I just committed the best controller I’ve managed so far using SAC.

That said, I’m still not happy with it. Strangely, the code produces almost identical results on CPU, CPU OpenCL emulation, and Nvidia GPUs, but on AMD, the results are terrible.
The trainer barely makes any progress, and in many runs it doesn’t even get off the ground.
In fact, I’ve even seen cases of negative progress.
This could be because I may still have some bug in the opencl implementation, but that does not explain why in 100% of the cases nvidia GPUs generates result similar to the cpu implementations while amd fails.
My suspicion is that somehow amd arithmetic logic unit are less accurate that NVidia. but that a really big claim that I can't demonstrate.
But it seems this is a fact according to various people experiencing similar results with AMD hardware.
It seems the errors are suitable enough that
Rendering or any small processes does not make a significant difference but it seems amd cut so many corners in float operation that the error accumulation after few tens of thousands iterations are larger than any correction the step

I’ve gone out of my way to make everything as deterministic as possible, but comparing results is still very difficult. It’s honestly quite frustrating.

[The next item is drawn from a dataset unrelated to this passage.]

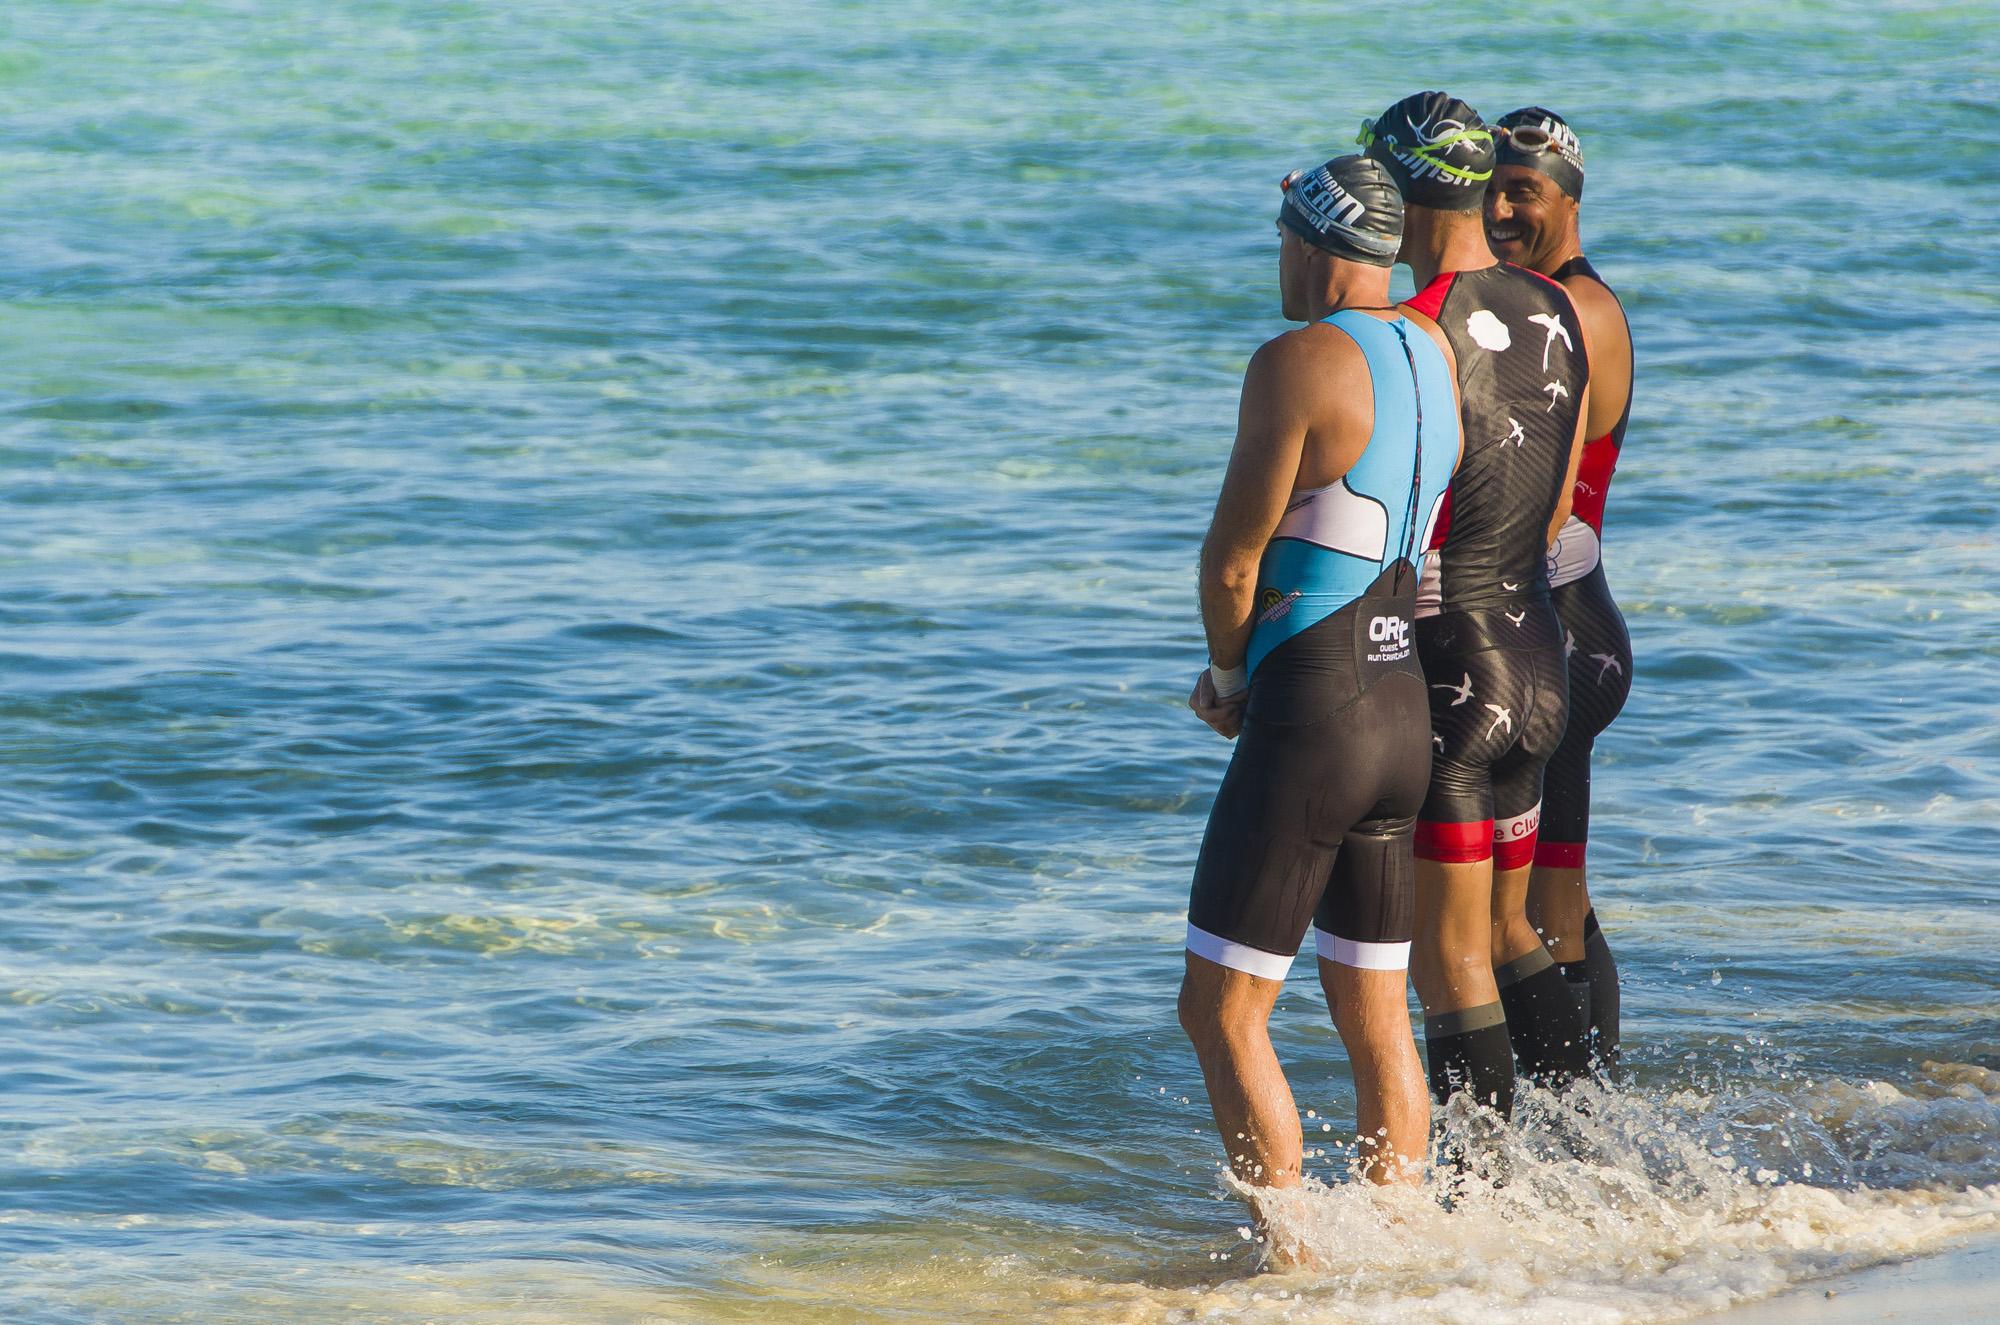 Indian Ocean Triathlon 2016-32_1.jpg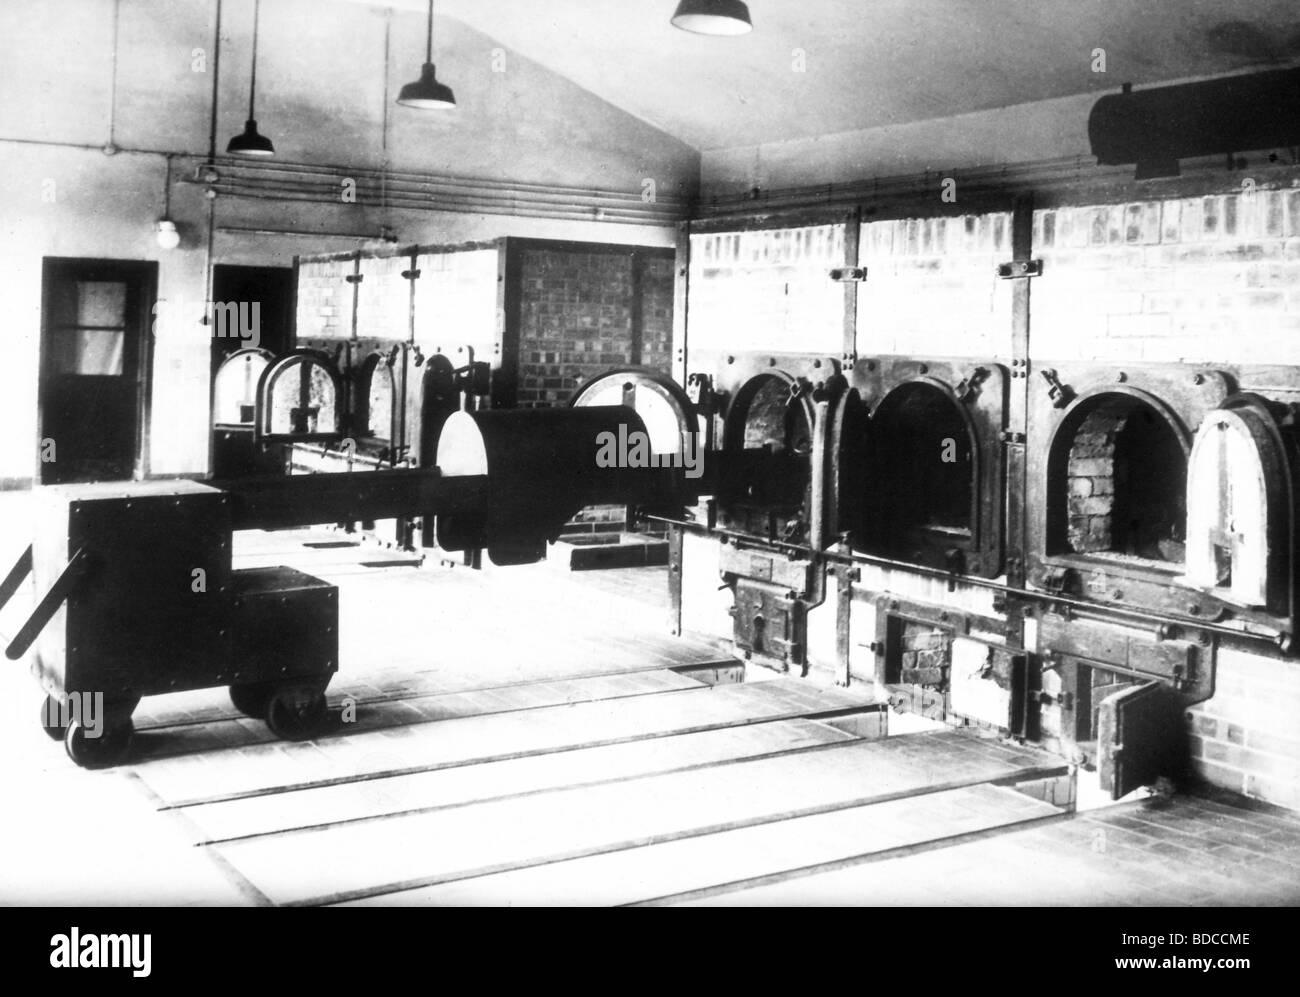 events, National Socialism, crimes, Auschwitz-Birkenau  Concentration Camp, crematory, interior view, ovens, Auschwitz, - Stock Image

At this point, the only clear benefit of using the GPU is faster execution, not better outcomes.

As for SAC itself, it seems like a decent algorithm, but it’s not the slam dunk that some papers make it out to be.
I’m seeing a lot of variance in performance, which is the opposite of what the literature suggests.

Since SAC isn’t delivering as strong results as I’d hoped, I’ve reimplemented Proximal Policy Optimization (PPO). That should give me a better basis for comparing algorithms.
The last time I tried PPO, it wasn’t very impressive, but I’ve fixed a lot of bugs since then, so I’m curious to see how it does now.